Andrew Vakulin, Angela D'Rozario, Jong-Won Kim, Brooke Watson, Nathan Cross, David Wang, Alessandra Coeytaux, Delwyn Bartlett, Keith Wong, Ron Grunstein

    Research output: Contribution to journalArticlepeer-review

    55 Citations (Scopus)

    Abstract

    Objectives: To improve identification of obstructive sleep apnea (OSA) patients at risk of driving impairment, this study explored predictors of driving performance impairment in untreated OSA patients using clinical PSG metrics, sleepiness questionnaires and quantitative EEG markers from routine sleep studies. Methods: Seventy-six OSA patients completed sleepiness questionnaires and driving simulator tests in the evening of their diagnostic sleep study. All sleep EEGs were subjected to quantitative power spectral analysis. Correlation and multivariate linear regression were used to identify the strongest predictors of driving simulator performance. Results: Absolute EEG spectral power across all frequencies (0.5-32 Hz) throughout the entire sleep period and separately in REM and NREM sleep, (range 0.239-0.473, all p < 0.05), as well as sleep onset latency (r = 0.273, p < 0.017) positively correlated with driving simulator steering deviation. Regression models revealed that amongst clinical and qEEG variables, the significant predictors of worse steering deviation were greater total EEG power during NREM and REM sleep, greater beta EEG power in NREM and greater delta EEG power in REM (range of variance explained 5-17%, t range 2.29-4.0, all p < 0.05) and sleep onset latency (range of variance explained 4-9%, t range 2.15-2.5, all p < 0.05).
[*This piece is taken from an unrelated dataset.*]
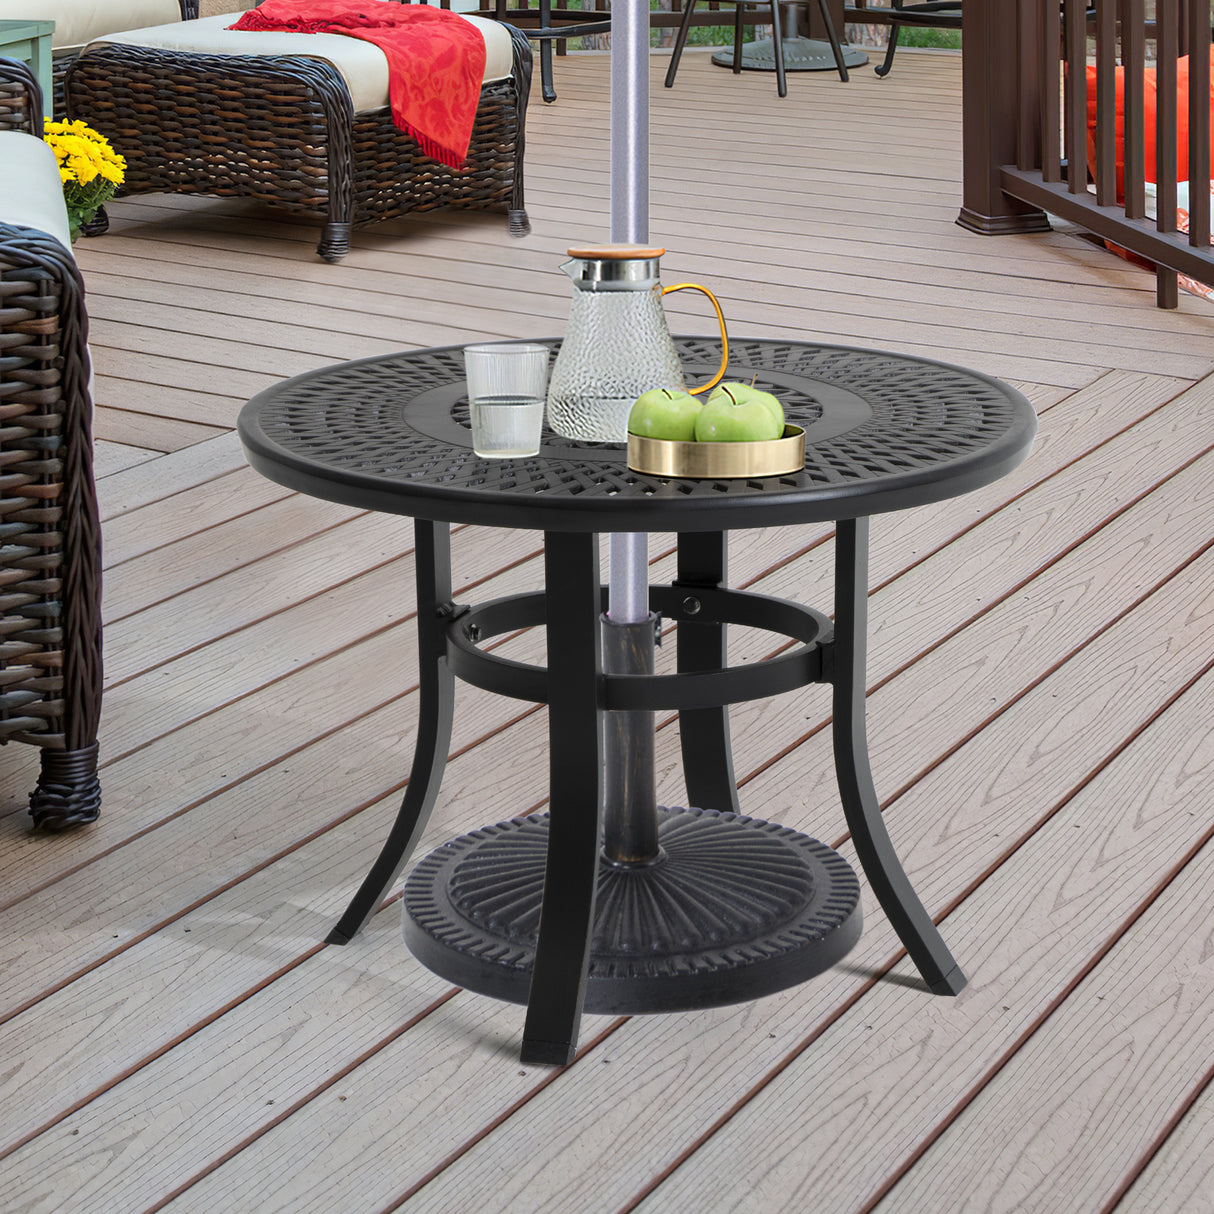 24" Black Rounded Metal Outdoor Bistro Table With Umbrella Hole

Conclusions: In OSA patients, increased EEG power, especially in the faster frequency (beta) range during NREM sleep and slower frequency (delta) range in REM sleep were associated with worse driving performance, while no relationships were observed with clinical metrics e.g. apnea, arousal or oxygen indices. Significance: Quantitative EEG analysis in OSA may provide useful markers of driving impairment risk. Future studies are necessary to confirm these findings and assess the clinical significance of quantitative EEG as predictors of driving impairment in OSA.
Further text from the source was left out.